◆ ASSIGNMENT
In the entries that follow, find the line containing "Snowboard Formigal" and the line containing "Coquilles anti-bruit HV", then retype exactly the lines from the first through the second, pictures excluded.
── SOURCE MATERIAL ──
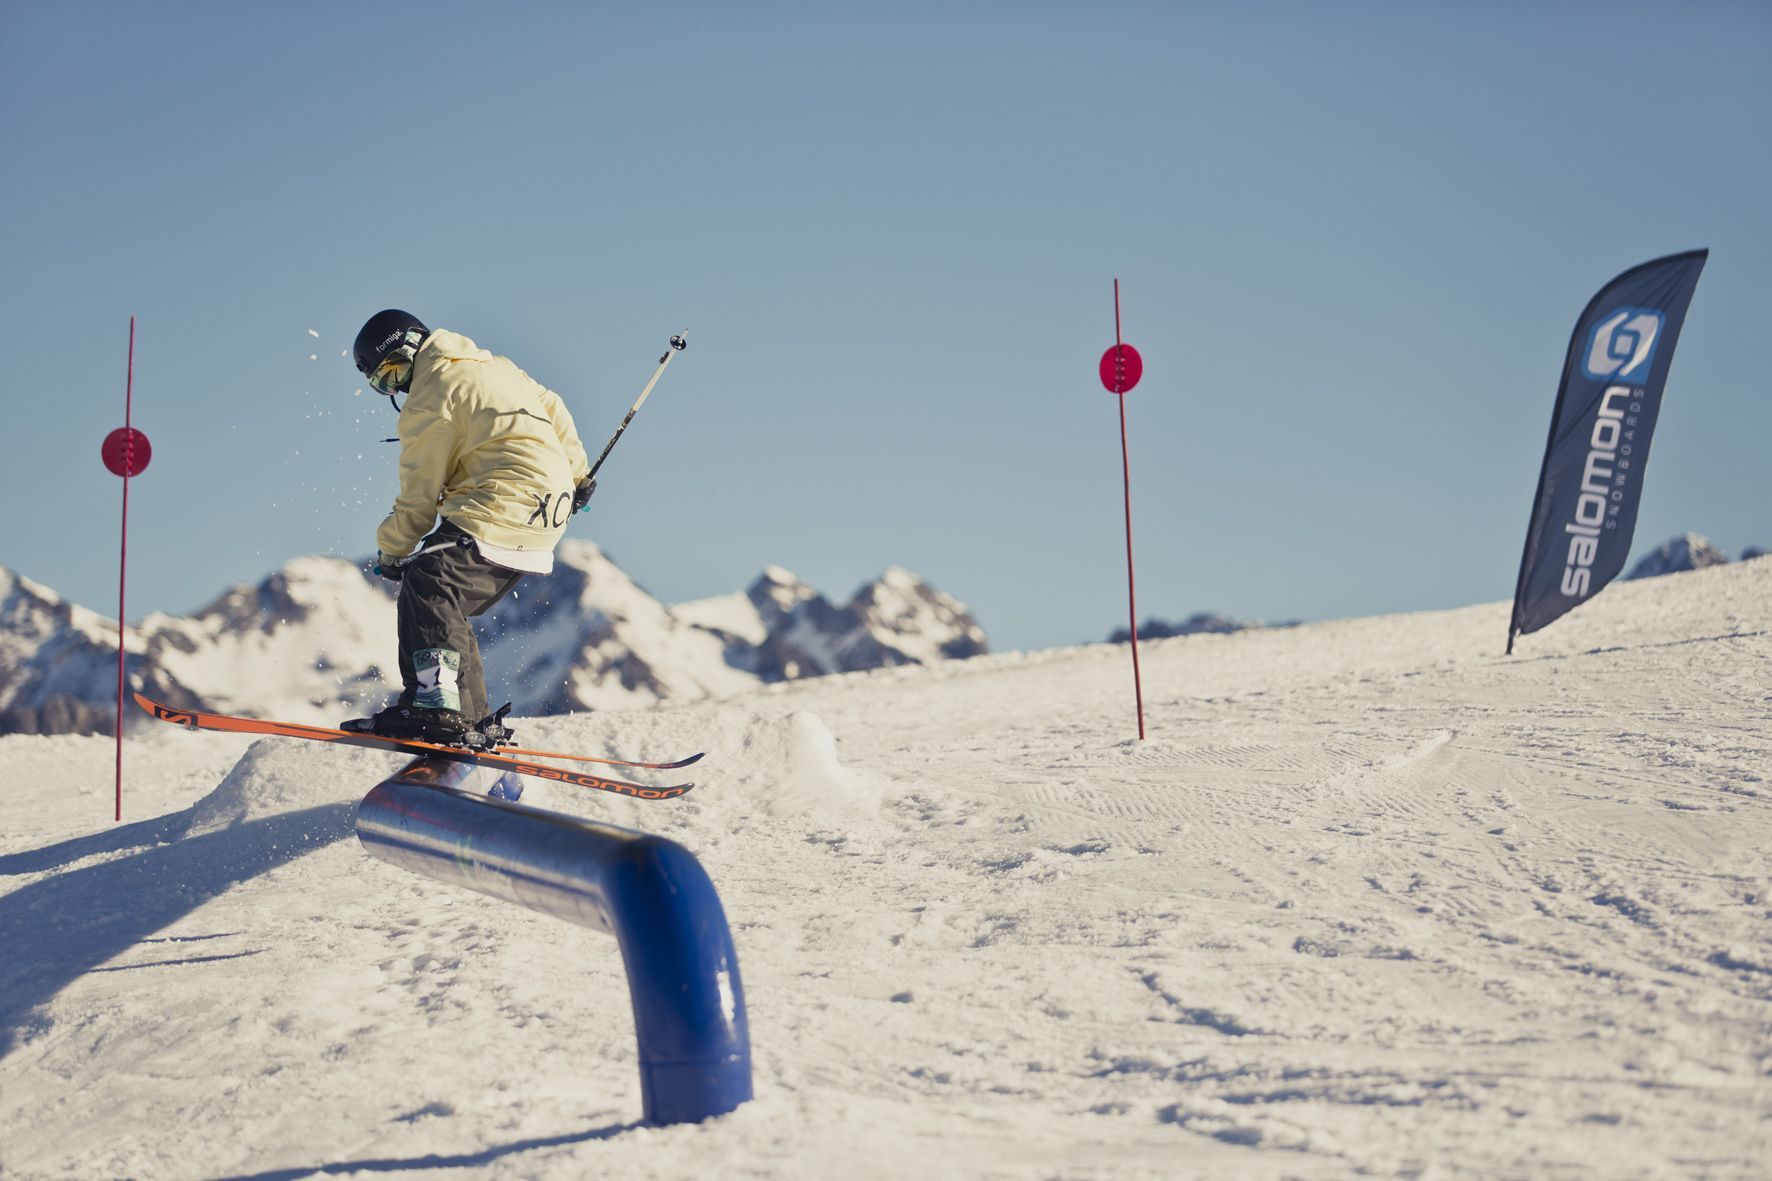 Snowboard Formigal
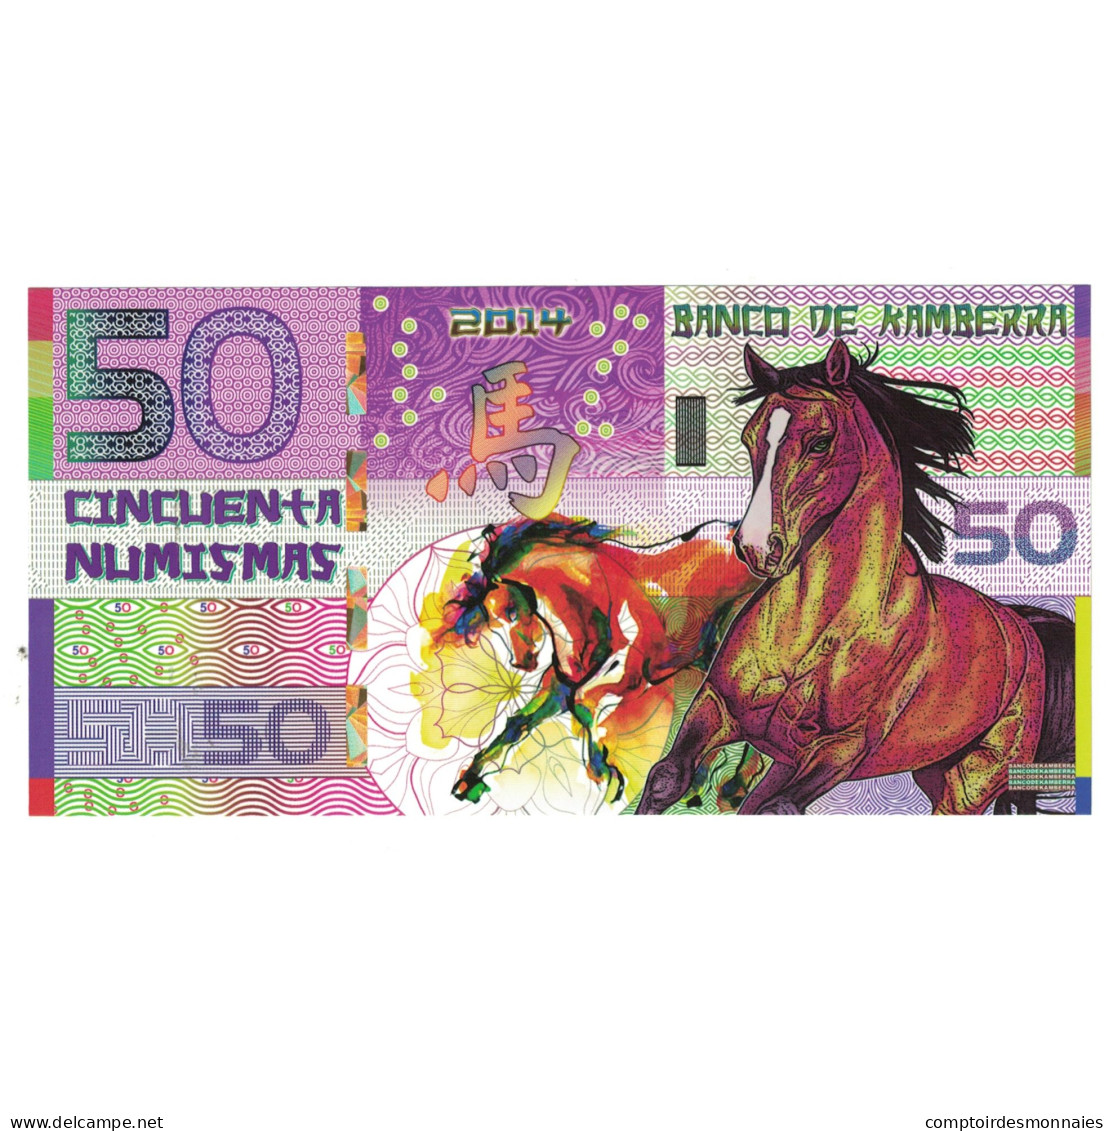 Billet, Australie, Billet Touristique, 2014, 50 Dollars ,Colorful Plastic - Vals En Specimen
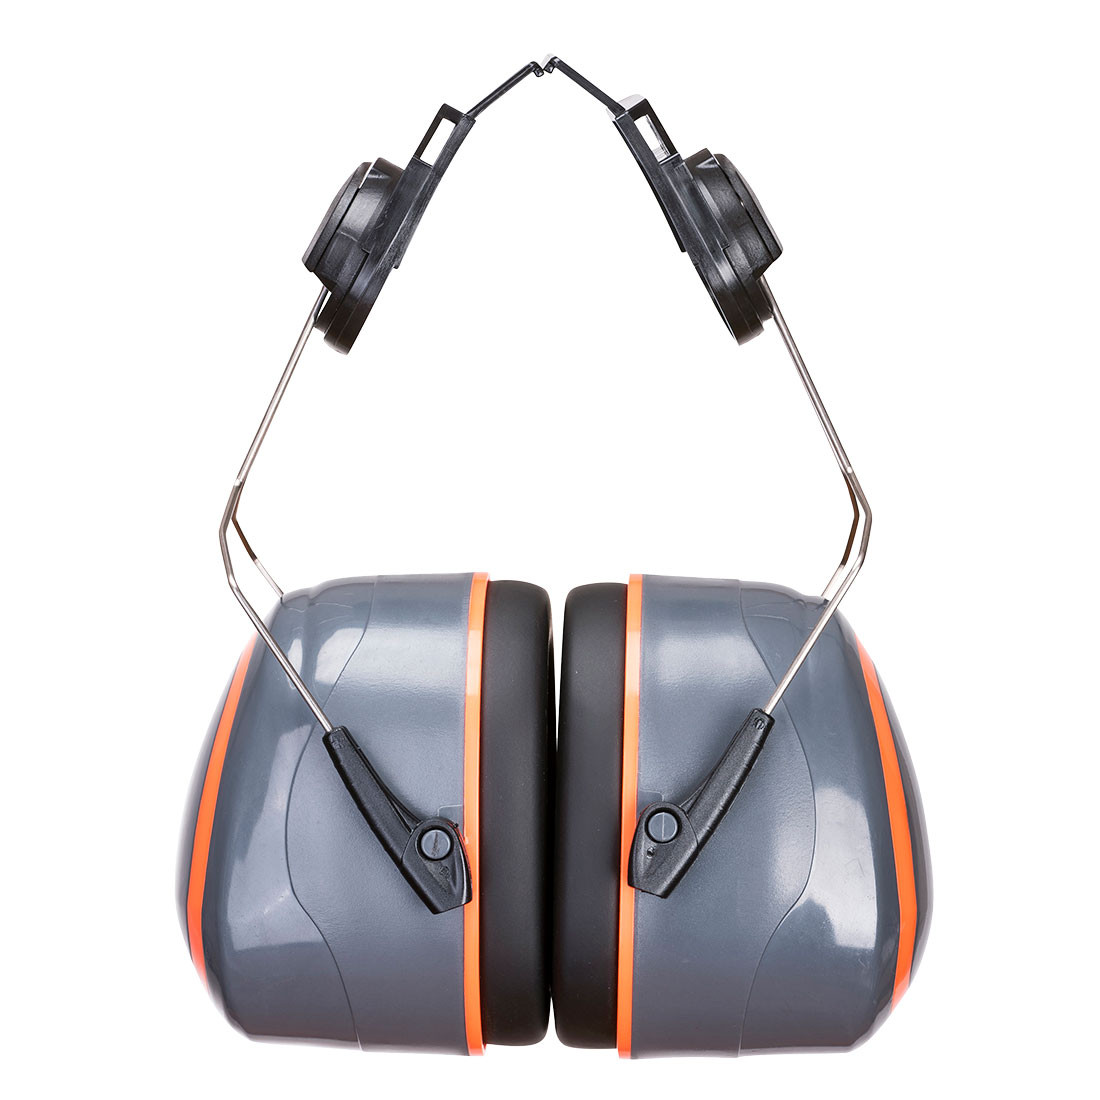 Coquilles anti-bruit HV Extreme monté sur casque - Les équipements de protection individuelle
───
── SOURCE MATERIAL ──
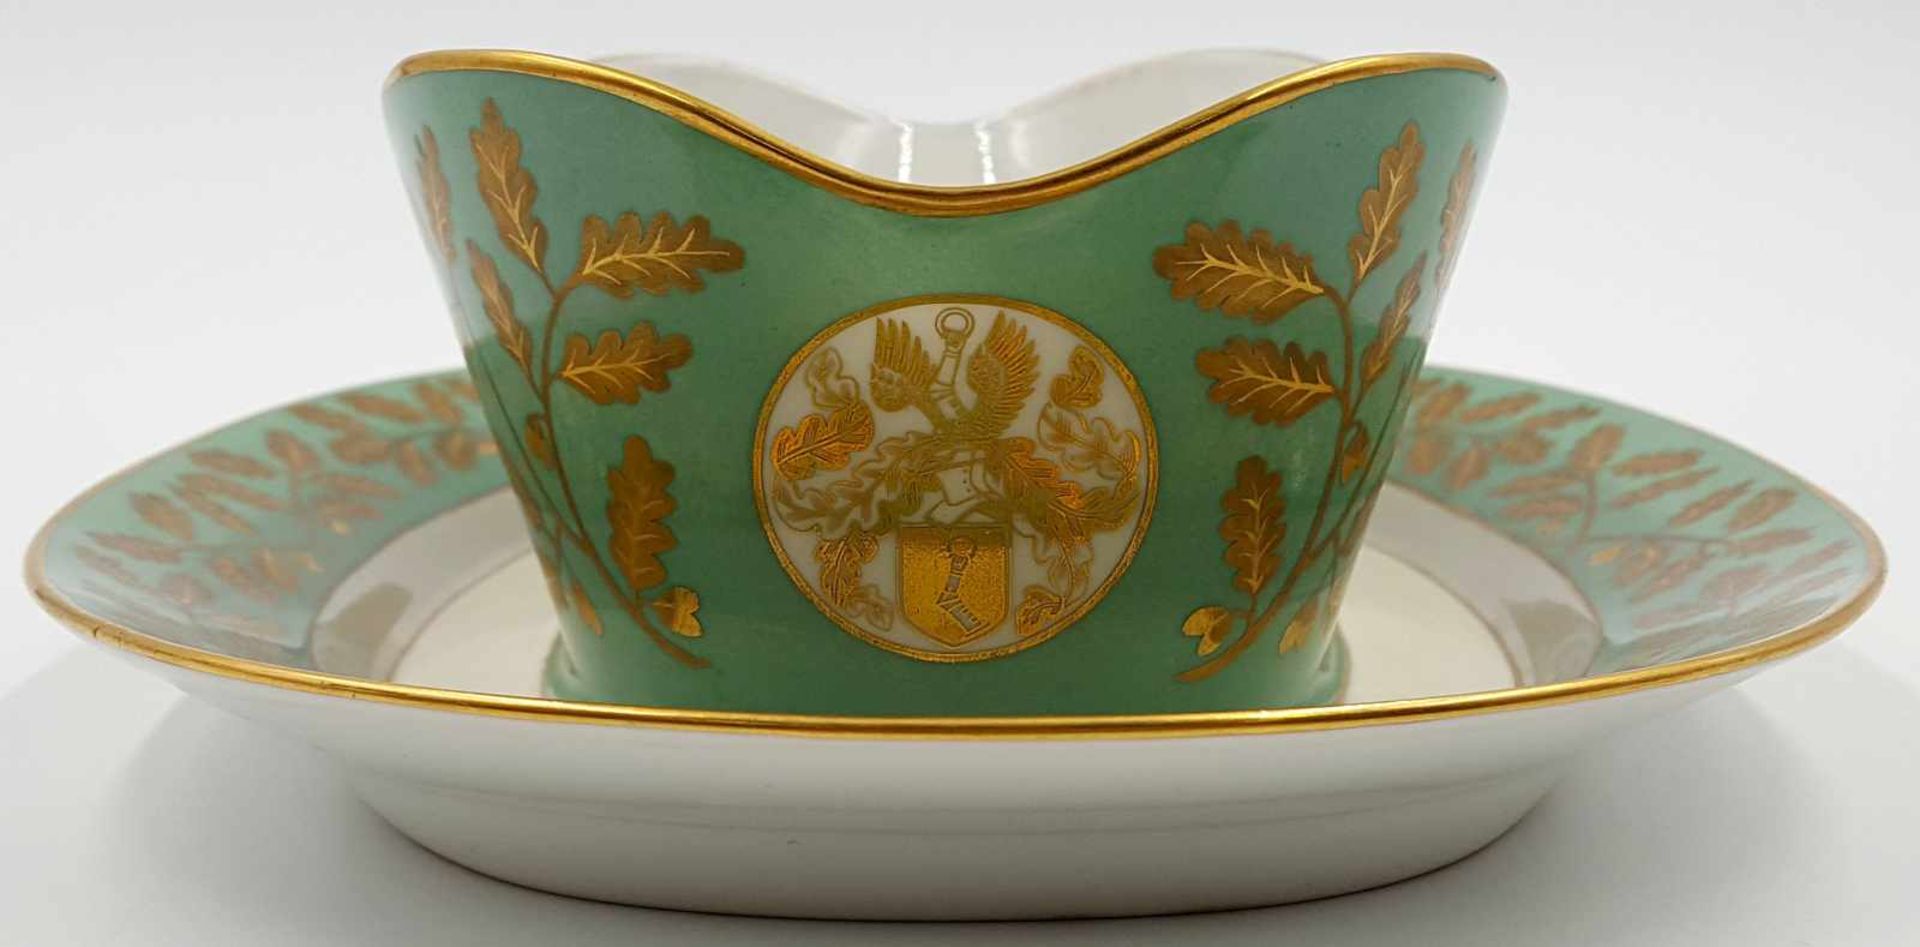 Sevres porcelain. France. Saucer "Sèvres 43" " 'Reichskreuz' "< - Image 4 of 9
───
◆ EXERCISE RESULT
 Snowboard Formigal
 Billet, Australie, Billet Touristique, 2014, 50 Dollars ,Colorful Plastic - Vals En Specimen
 Coquilles anti-bruit HV Extreme monté sur casque - Les équipements de protection individuelle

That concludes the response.